Just when Ramirez was about to grab the representative’s contact information, the guidance counselor placed a hand on Ramirez’s shoulder. He had been caught.
Back at school, Ramirez was in the principal’s office awaiting the consequence for cutting class when the Yale representative showed up saying he was “Cesar’s attorney.”
Ramirez was still punished for missing school, but “Cesar’s attorney,” a judge who would eventually become a New York State Supreme Court justice, asked Ramirez to sit alongside him in court for one hour every Tuesday and Thursday.
“It was probably the most exhilarating experience I ever had,” Ramirez remembers. Together, they created a program called LEYES, which means laws in Spanish and is an acronym for Legal Education Youth Empowerment Services.
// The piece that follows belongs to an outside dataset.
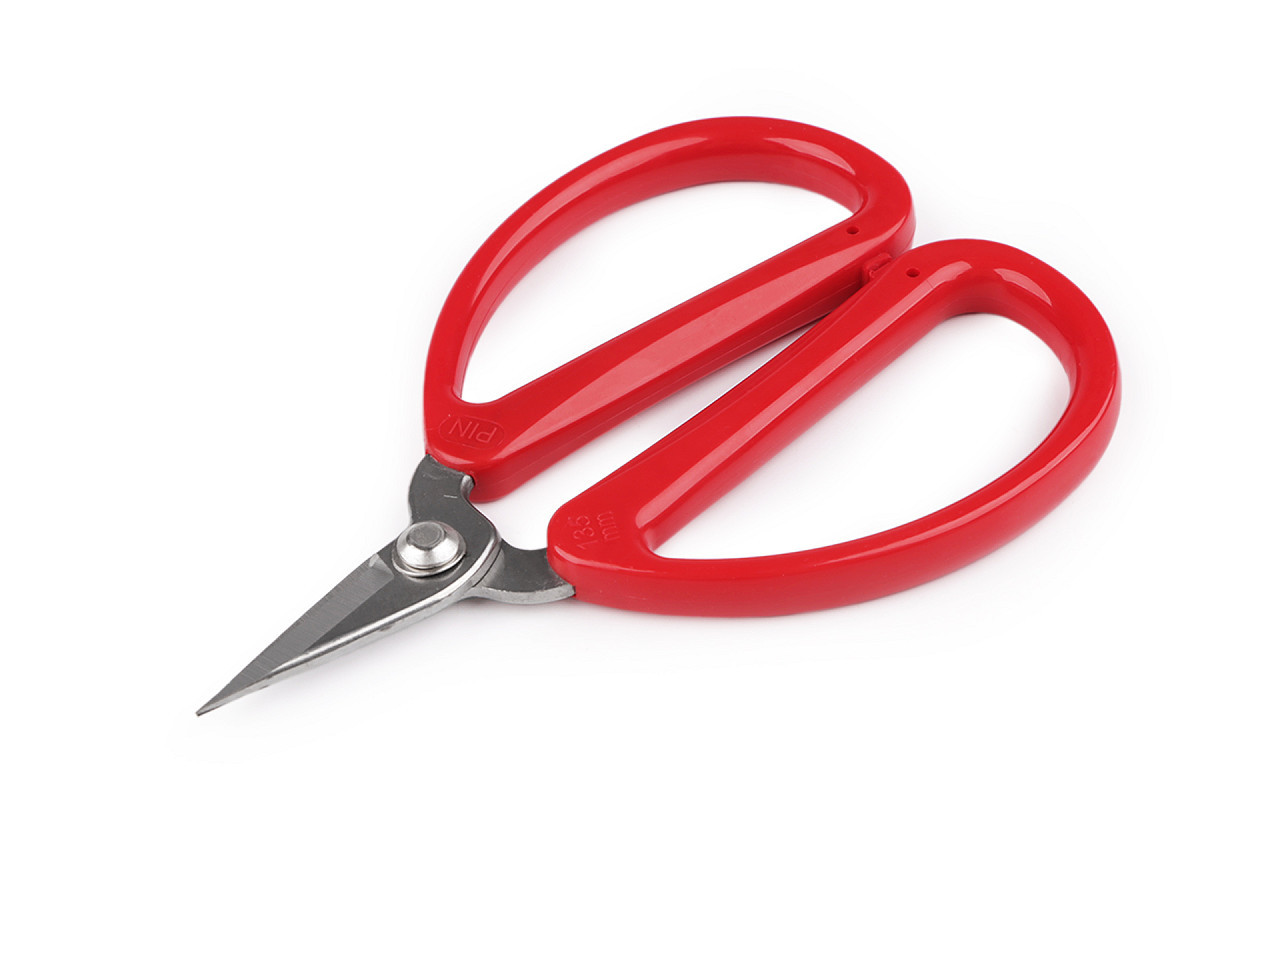 Nůžky odstřihávací PIN délka 13,5 cm, barva červená

The group taught urban students their rights and exposed them to the legal profession.
Ramirez’s passion for the courtroom kept growing. He started competing in debates and mock trials and was assigned now Supreme Court Justice Sonia Sotomayor as his mentor. (She was working in the state court system at that time.) More than ever, Ramirez was convinced college was the next step.
Everything changed, though, as Ramirez finished high school, and his father became seriously ill. Ramirez remembers having a wonderful relationship with his dad, who was a Vietnam veteran.
“He was my beacon, my example,” says Ramirez.
Ramirez knew that going to college would put a financial and emotional burden on his parents as they grappled with his dad’s illness. Not wanting to give up entirely, Ramirez found a solution that would honor his father’s legacy while also offering the possibility of college down the road. He enlisted in the Army.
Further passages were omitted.